Me gustan los cementerios, lo admito. Y eso que, aunque no depende de mí, no tengo intención alguna de quedarme pronto en ninguno de ellos. Recuerdo un día que, en Peralta, mi pueblo, mis amigas y yo vimos pasar un cortejo fúnebre. El abuelo de una de ellas, Benito, un hombre de gran humor y buenísima persona, que ya superaba los 80 años, iba acompañando al coche que llevaba el ataúd y, al pasar, nos miró y nos dijo con sorna: “mientras acompañemos ya está bien, lo malo será cuando nos acompañen”. Y es que, por extraño que parezca, muchas veces la muerte va unida al humor, que sirve también como mecanismo de defensa. En otra ocasión estaba en una tienda y en el exterior pusieron una esquela de una señora mayor que acababa de fallecer. Llevábamos varios días con funerales, todos de personas de avanzada edad, y una de las mujeres que se encontraba en el establecimiento, que tendría como 60 años, comentó: “Mientras nos muramos en orden…”.
Los cementerios dan cierta paz, también tristeza, sobre todo cuando, quienes están en él son tus seres más queridos o aquellos que, en cierto modo, han formado parte de tu vida de una u otra manera. La muerte nos iguala a todos, pero, incluso en su despedida, hay gente que quiere destacar de alguna manera. En el cementerio de La Almudena de Madrid, por ejemplo, había una especie de templete con un escudo gigante del Atlético de Madrid. Me imaginé entonces el tipo de forofo que habría sido en vida ese señor. Y en el cementerio civil de Madrid, me llamó la atención un epitafio que decía: “Después de la muerte no hay nada”, como si el finado hubiera vuelto del más allá para decirnos que abandonáramos toda esperanza.
Luis Carandell tenía un libro fantástico llamado Tus Amigos No Te Olvidan, en el que recopilaba esquelas, costumbres funerarias, epitafios… Recuerdo por ejemplo dos de ellos: uno, de un niño que había muerto a los pocos meses de nacer y que era recordado con una frase: “Canuto, hijo mío, que pronto empezaste a darnos disgustos”. El otro era el de una mujer que emigró, volvió a España y falleció al poco tiempo: “Doña Filomena Pi, por cuidar de su salud, vino de América aquí, y su fin fue el ataúd”.

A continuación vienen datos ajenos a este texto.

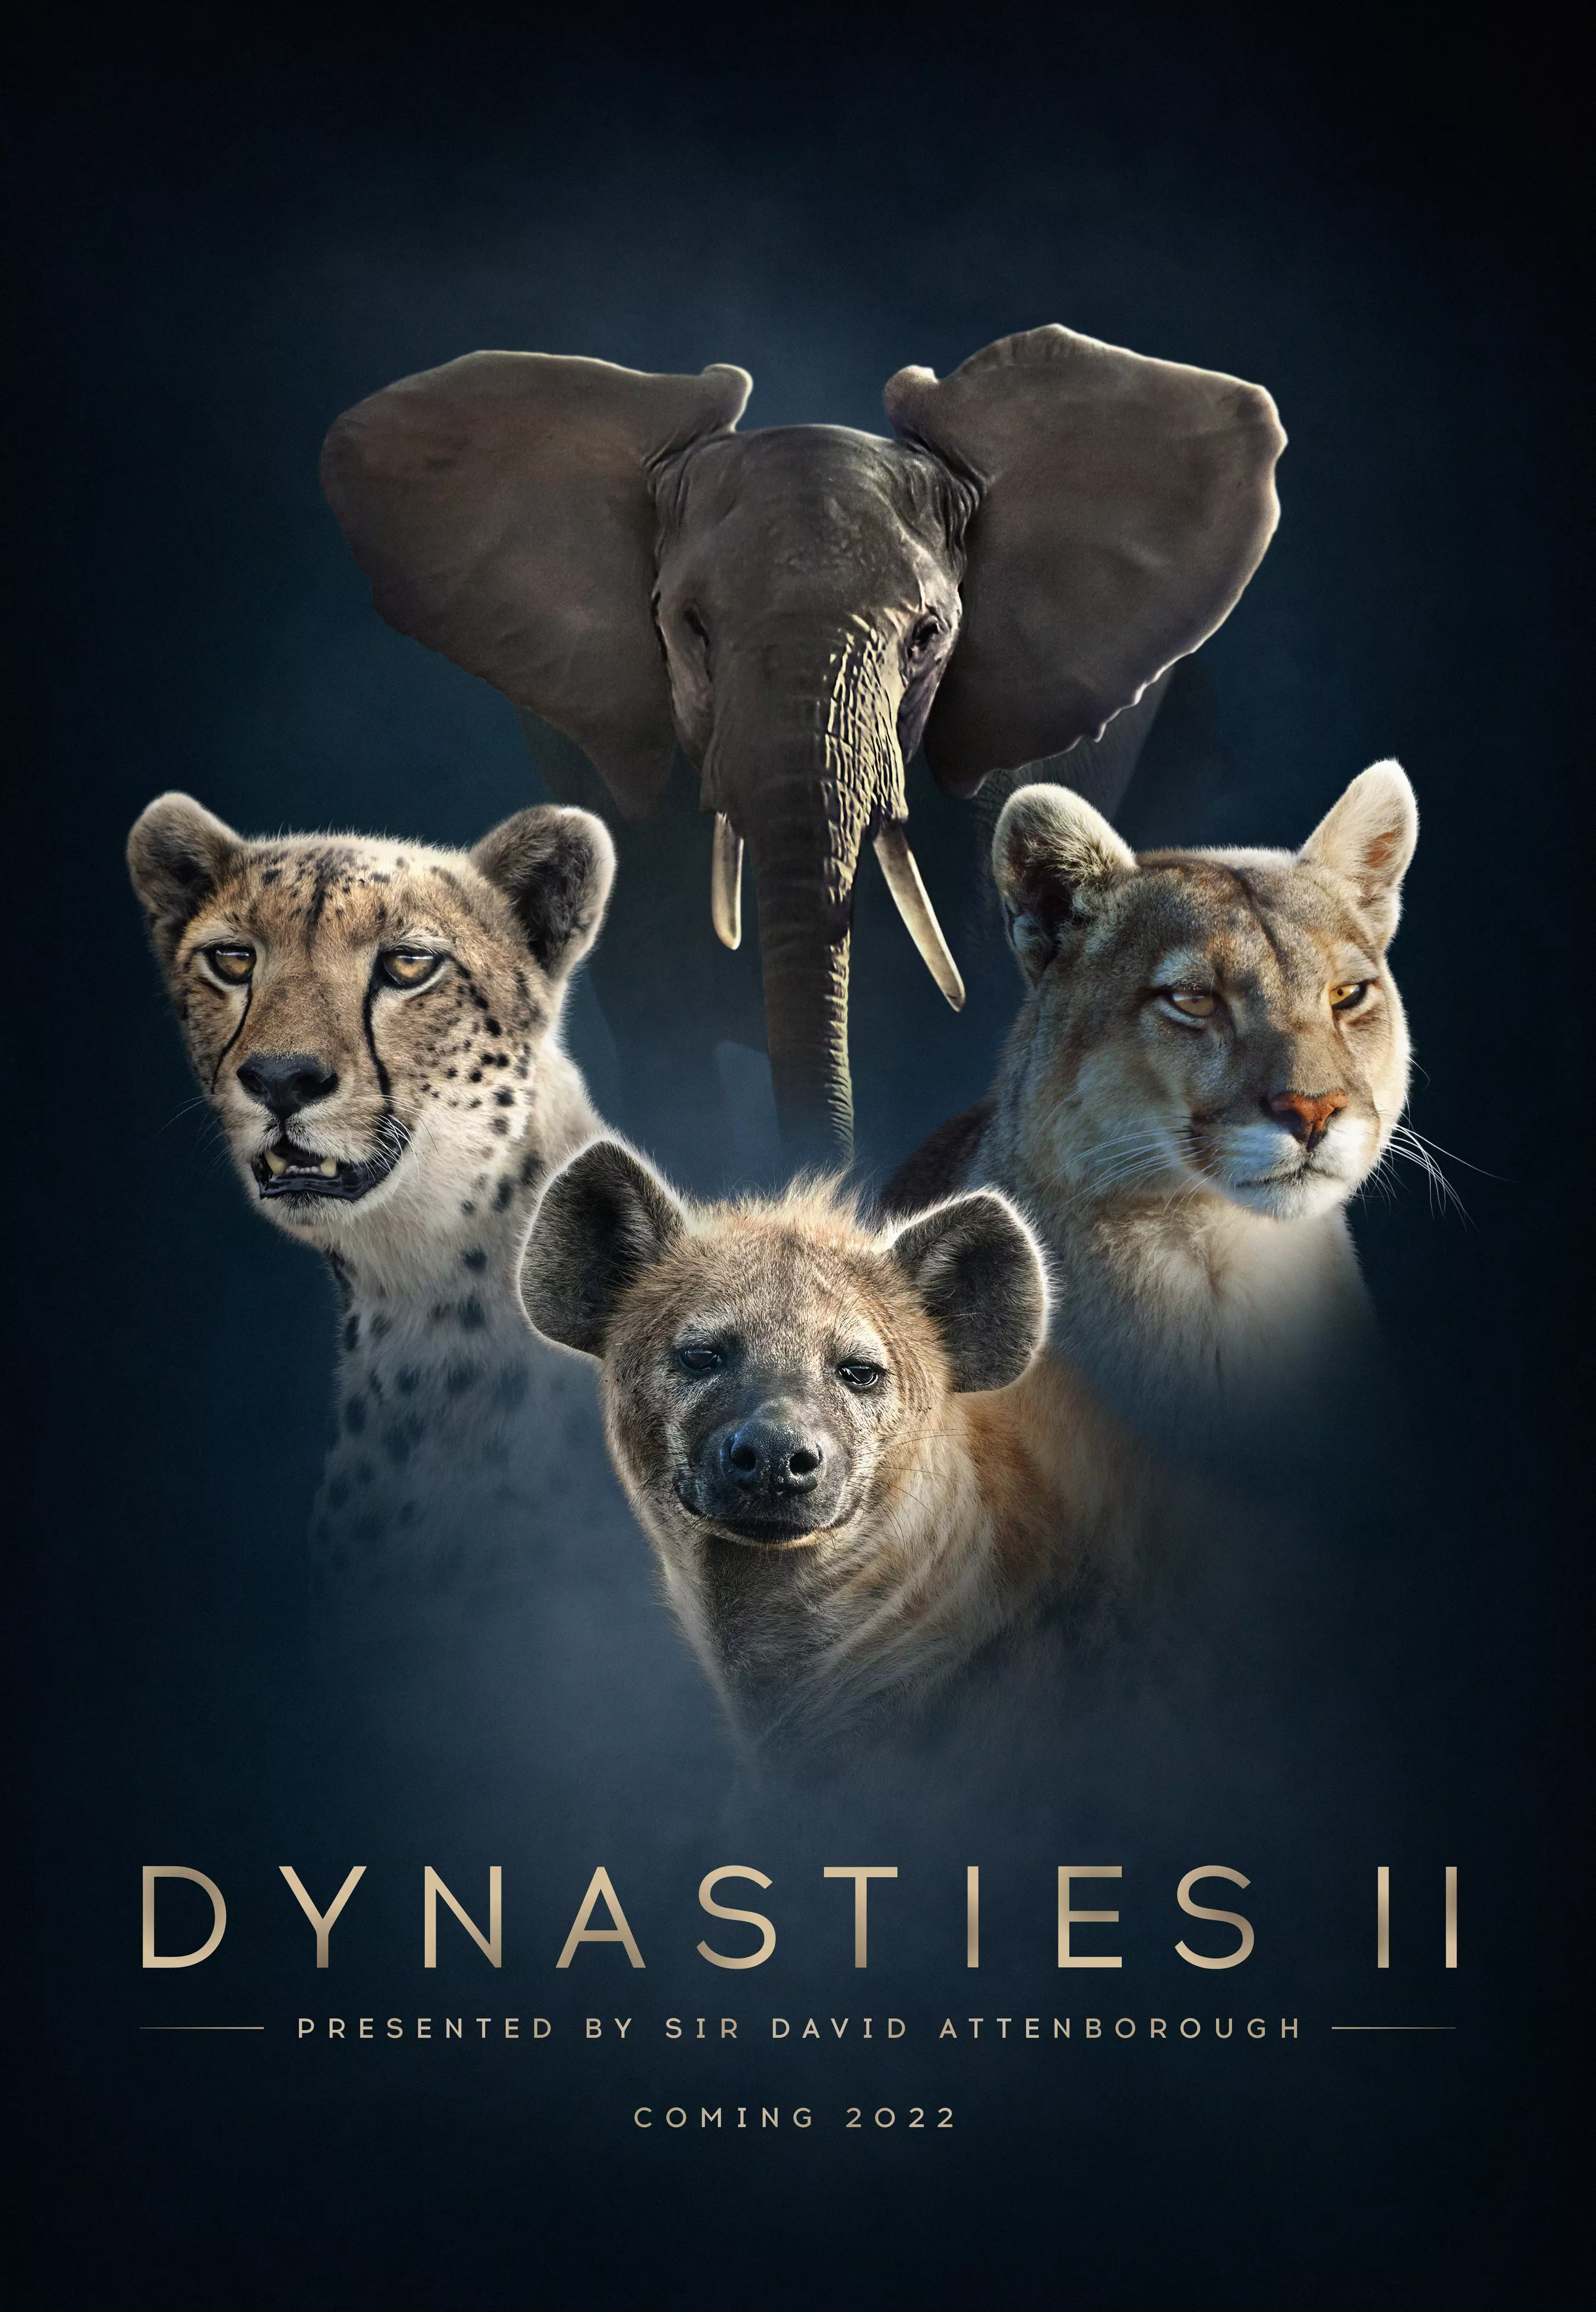 Dynasties is returning for a second series.

Hay cementerios que albergan verdaderas obras de arte, como el de La Recoleta, en Buenos Aires, donde es obligada la visita a la tumba de Evita Perón. El encargado del camposanto te recuerda, además, que “se pueden sacar fotos, pero no se puede hacer sonar el bombo, ni sacar pancartas, ni encender velas”. Impresionante también es el cementerio militar de Arlington, que alberga más de 400.000 tumbas, la mayoría de ellas iguales y perfectamente cuidadas. En el pequeño camposanto de El Roncal, en Navarra, se encuentra el mausoleo del famoso tenor, Julián Gayarre. Mariano Benlliure fue el encargado de realizar esta magnífica tumba donde la figura de una mujer que encarna la Música, apoya su cabeza en el sarcófago mientras oculta su rostro con la mano; y en la que otra figura que encarna la Fama inclina la cabeza intentando seguir escuchando la voz del tenor.
Pero de todas las historias que rodean a los cementerios mi favorita es la de Alfaro, en La Rioja. Tradicionalmente, todos los años iba con mi padre a llevar flores a unos familiares que teníamos enterrados allí, y siempre me señalaba una tumba pequeña y alargada. Mi padre me contó por qué: en el siglo XIX en esa localidad vivía un joven de una rica familia llamado José Mauleón, que se enamoró de una criada de la familia Sáenz de Heredia. Su amor era imposible en aquella época. Ella enfermó de viruela y murió enseguida. Él, contagiado, lo hizo poco después, pero pidió que lo enterraran en frente de su tumba, de pie, para poder velarla toda la eternidad. Y todavía hoy su amor sigue siendo eterno.